SiLK™ is a trademark of Dow Chemical for a polymer thermoset resin exhibiting very low dielectric constant, useful in semiconductor manufacturing, and described in Balance et al., U.S. Pat. No. 5,523,163, for LOW DIELECTRIC CONSTANT COATINGS, issued Jun. 4, 1996, and Bremmer et al. U.S. Pat. No. 5,906,859, for a METHOD FOR PRODUCING LOW DIELECTRIC COATINGS FROM HYDROGEN SILSEQUIOXANE RESIN, issued May 25, 1999, and Bremmer et al., U.S. Pat. No. 6,210,749, THERMALLY STABLE DIELECTRIC COATINGS, issued Apr. 3, 2001, the disclosures of all of which are incorporated by reference herein in their entirety. SiLK™ structures are increasingly being used to replace silicon oxide (SiO2) as a dielectric because of its superior dielectric qualities, namely a dielectric constant of 2.65 compared with 4.1 for silicon oxide.
SiLK™ also demonstrates comparable toughness and greater resilience than the more brittle silicon oxide. Low dielectric constant in a material permits smaller structures to be manufactured, which in turn permits closer packing of devices, faster speeds, and reduced crosstalk. The spin-on aromatic polymer has no fluorine in its composition, delivers superior planarization and gapfill, and is stable to 490° C. These properties have made SiLK™ popular for a variety of CMOS technologies demanding “low-K” interlayer dielectrics, such as copper/damascene and aluminum/tungsten technologies.
There are stress problems, however, in vias built with SiLK™ that do not occur with traditional silicon oxide vias. These stresses result in thermal cycle and in-line via-resistance shifts. There are at least three cases in which two-dimensional modeling has predicted high stresses in SiLK™ vias wherein thermal-cycle reliability failures have been directly correlated with the stress, namely (1) vias built in SiLK™ rather than silicon oxide, (2) vias built in SiLK™ wherein the subsequent level is executed in silicon oxide instead of SiLK™ and (3) vias built in SiLK™ wherein the next level is built in oxide compared with vias built in SiLK™ with a stress-relief layer prior to the subsequent level being built in oxide.
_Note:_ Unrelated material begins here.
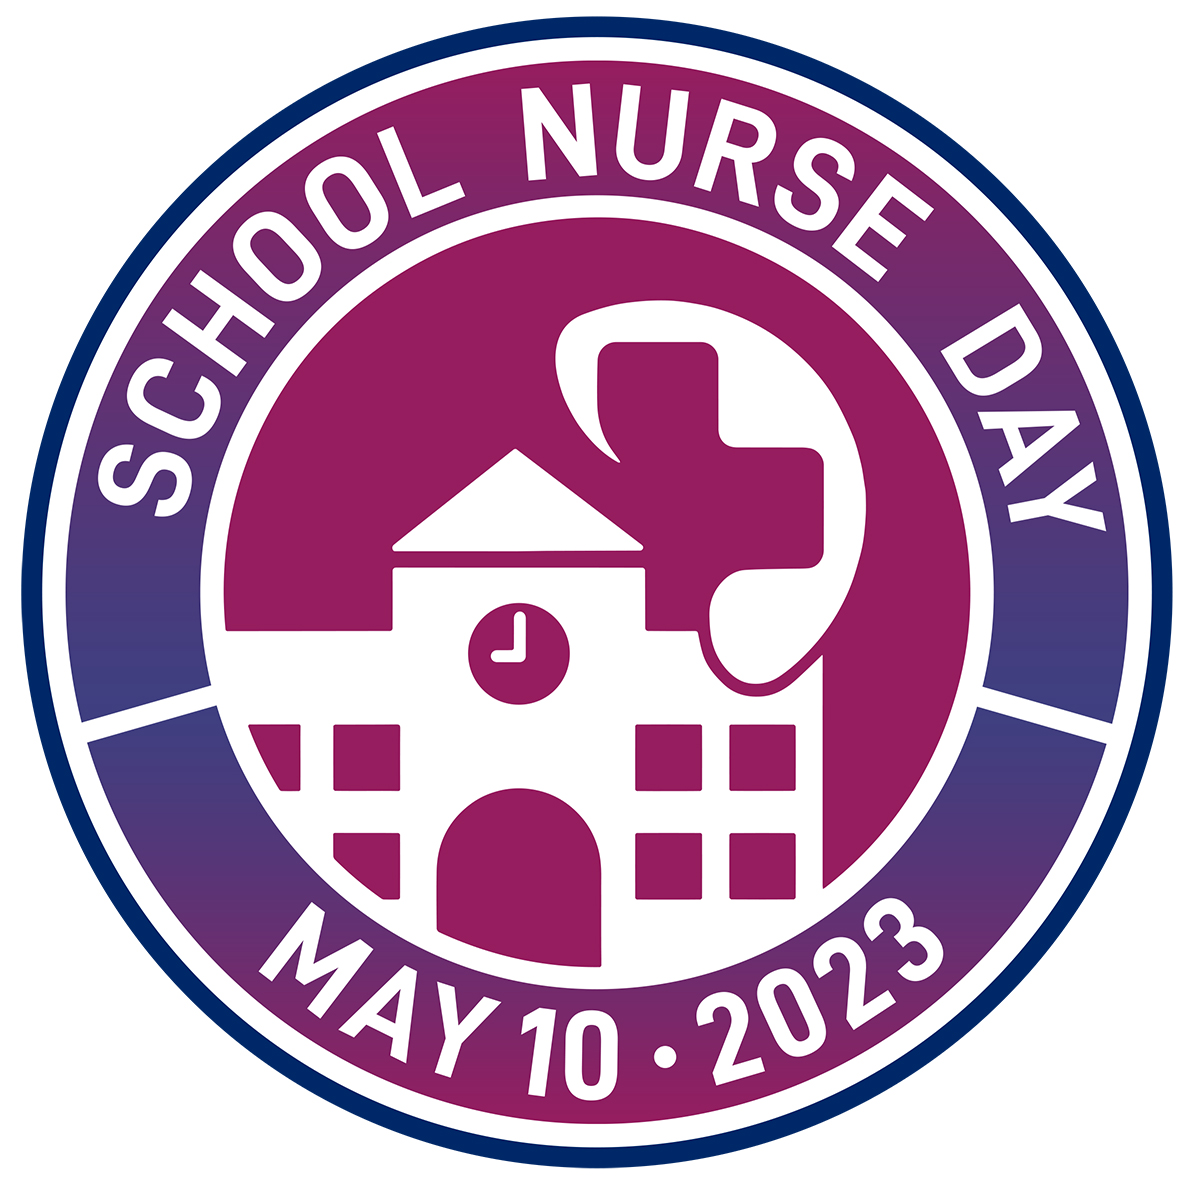 Thank you to the school nurses across Maryland who help keep kids safe and healthy and teach poison prevention in schools #SND2023 #NursesWeek2023

A stress problem with SiLK™ is illustrated in FIG. 1a, showing a pair of semiconductor cross-sections depicting a typical prior art oxide embodiment A and a prior art SiLK™ embodiment B of a wafer structure, each comprising a base layer 1 of silicon substrate, atop of which is a silicon oxide base layer 2. Upon these are a first conductive line 3 and a second conductive line 4, usually made of copper metal, that join one another through a first via 5, which penetrates a level-separating nitride layer 6 that separates the first level 10 from a second level 20. In both drawings, third 30 and fourth 40 levels are shown, also separated by level-separating nitride layers 6, the third level 30 comprising a silicon oxide layer 8 and the fourth level 40 comprising a silicon oxide layer 9 beneath a silicon nitride cap 11. Cross-section A shows a typical via 5 defined by a first level silicon oxide layer 7 and partly by the base silicon oxide layer 2. Cross-section B, however, shows a via 5 defined by a second level SiLK™ layer 7′ and a base level SiLK™ structure 2′. The differences between the two structures may be seen in corresponding stress analysis images A′, B′, wherein darkened areas indicate high stresses. Comparing B′ to A′, it is apparent that the SiLK™ via structure creates much more stress and distortion than the traditional silicon oxide structure.
Referring to FIG. 1b, plots 100 of via resistance shift in Ohms/link are shown for SiLK™ and for oxide, respectively. What is needed is a method suitable for making SiLK™ via structures with reduced stress.